Good old Fertility Friends website, saving my sanity once more!  I'm only feeling annoyed cos of a combination of things tho, of which being single is by far not the biggest (which just goes to show what a mess the rest of my life is  , through no fault of my own).

The first thing I have to say ladies is, give yourselves a bit of a break!   About half of the population (of people with life partners i guess) meet their life partners THROUGH WORK so if you don't have the kind of job where you meet sexy blokes, then you've already got an uphill struggle on your hands most likely.

Like most single people in our situation, I've been through the grieving process regarding "what should have been" whilst adjusting to the reality that I'd have to become a parent on my own.  Right now, I don't have anywhere to live and am not in a position to ttc, but I still manage to go out a bit and enjoy getting dressed up (something I couldn't do for a long time, long story) but sometimes I think "finally, I have a fairly decent figure, nices clothes, and no one to admire me".  I like dressing up for myself but I'm not motivated by the thing that sometimes drives people to "look good", ie so that they can look down their noses at other people....so really, for me, a lot of the enjoyment I would get from it is knowing that it's giving my man pleasure, and now by they time i get a man, if i ever do, my body will be dragged out of shape by kids!!!  It would have been nice if I'd had the chance to exercise and have body confidence beforehand.

Relationships can sometimes be more hassle than they're worth.  I spent quite a bit of time with an ex until fairly recently, it was quite complicated for several reasons but I don't regret it (some of the best sex I've ever had and he is the best at that overall), but having him out of my life is what I need at the moment.  It was hard to have life shove him (and all his problems) in my face at the point where I was all geared up to start my single parent journey, but I dealt with it.  I'm glad I played the field when I was younger so I have some memories to sustain me through the coming times.  I would really like to find someone to settle down with (started trying to do that 8 years ago!!!!!!) but I wonder if it will ever happen as I'm quite unusual and would rather be on my own than put up with pap, added to the fact that I am now living somewhere relatively isolated.  Recently I guy paid me a bit of attention and it gave me a lot of energy, and made me miss the good things about my ex a bit more.

The other thing that I think is worth saying is that we should also give ourselves a break because part of the reason many of us haven't found a man is because too many men are struggling to adapt to the modern world in which women are generally more empowered and generally expect men to have the backbone they've had to develop and the sensitivity we need just as human beings to get by!  I've met some amazing men who are the type of guys I would have loved to have a relationship with, guess what? - didn't fancy them!

I do look at some close friends relationships and think "those are the compromises I'd've had to make if i'd settled for 2nd best"....


----------



## sohocat (Aug 11, 2009)

Heidi33,
Hi,I think that a lot of single moms think that no one would want them if they have a baby/child, but actually, I had my DD about 2 1/2 years ago.
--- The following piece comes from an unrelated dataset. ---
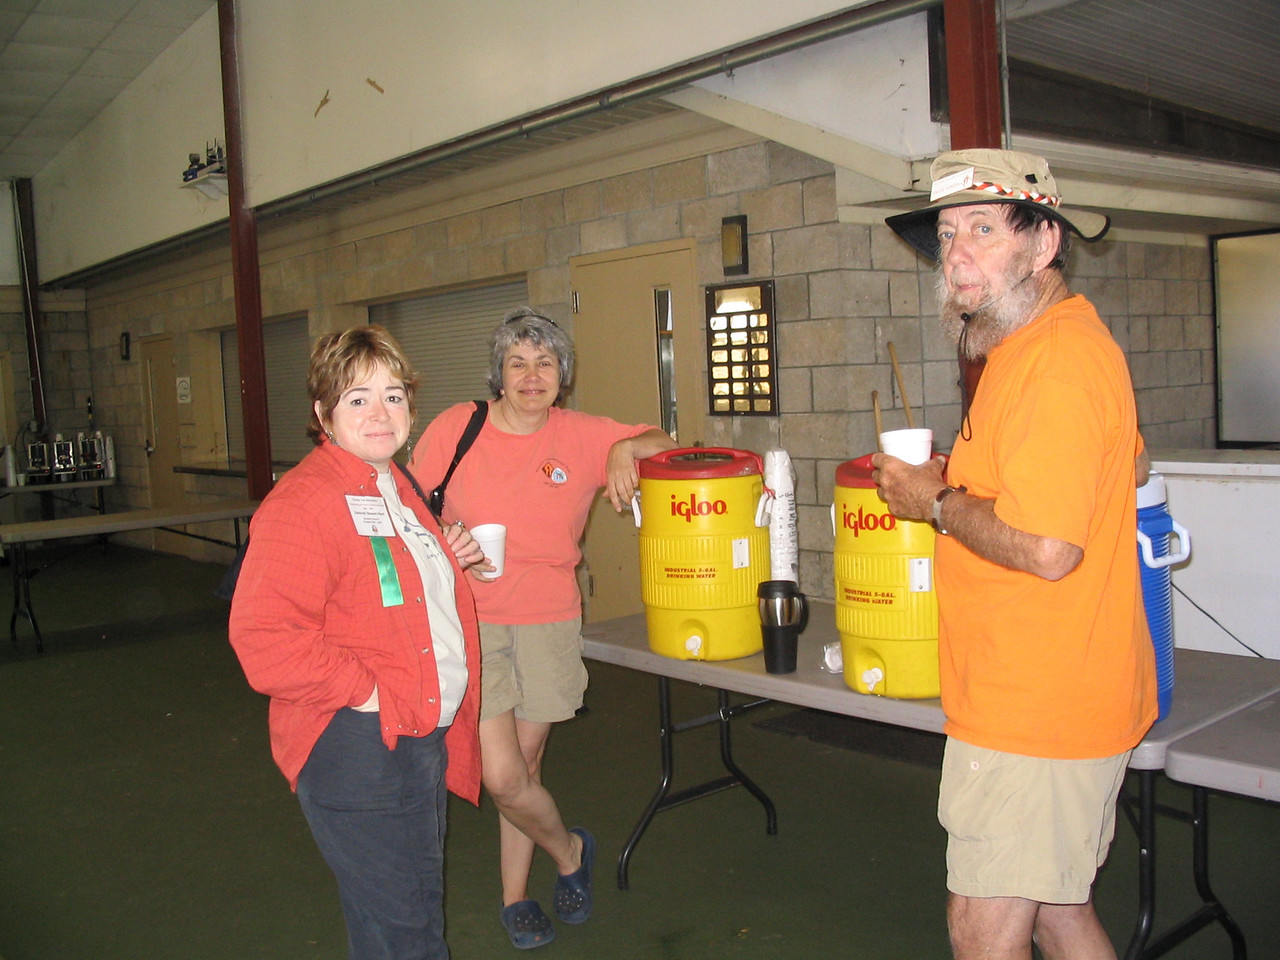 Deborah Stewart-Kent, Paula Snellgrove, and Swede Hansen around the water cooler<br /> PHOTO CREDIT: Diane Wilkins / Florida Trail Association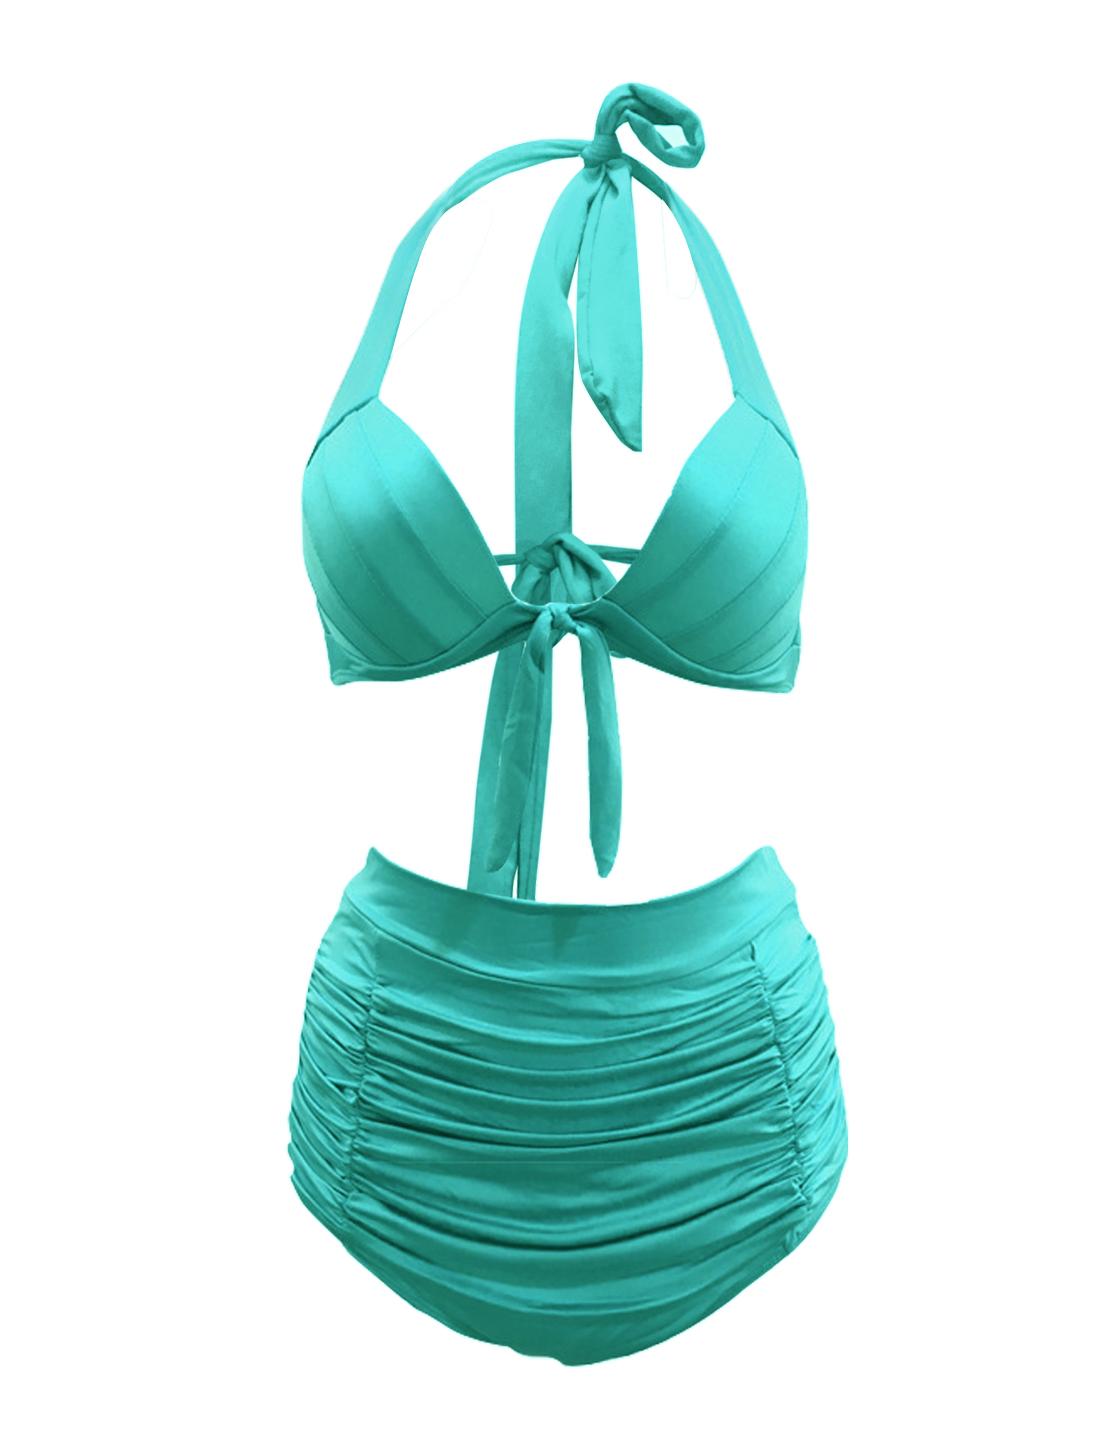 Retro Women 50s Halter High Waist Bikini Vintage Swimsuit Bathing Suit Peacock Blue S

In the first 2 years I wasn't physically, emotionally up for dating plus I didn't have the help-someone to watch my baby while I went out. But I have been dating for about 4 to 5 months now, and I have found that there are men out there who like me because I am a mother! It is in fact the opposite of my previous fear. Plus, there are a lot of people my age who usually have children and are divorced. Or divorced with no children. Most people have children though. And if a guy does not want to date me because I have a little one, then he is not someone I would want to be with anyway.


----------



## Heidi33 (Apr 2, 2013)

Abacus - i too look at most of my friends partners and know there are very few id consider suitable for me - i either don't find them attractive or i don't like their personality. I know a few of my friends have 'settled' because they are scared to be alone or "need" a man as one of my friends put it! I like having a man but i certainly don't need one! And if 50% of people meet their partnets through work then that explains a lot - nearly all my friends are nurses like me that i met through work but male nurses are either middle aged and married or gay - doctors are snapped up very early on and are very rarely availble  I have met plenty of guys travelling but they usually live on the other side of the world and haven't worked out.

Sohocat - glad to hear you are dating again! I am actually not worried about a child putting a guy off bc i know many single mums who have met men and happily settled down with them and my my love life cant get any worse than it is now really! I just know tht if i get pregnant the next year or 2 are probaly definatley off limits romance-wise


----------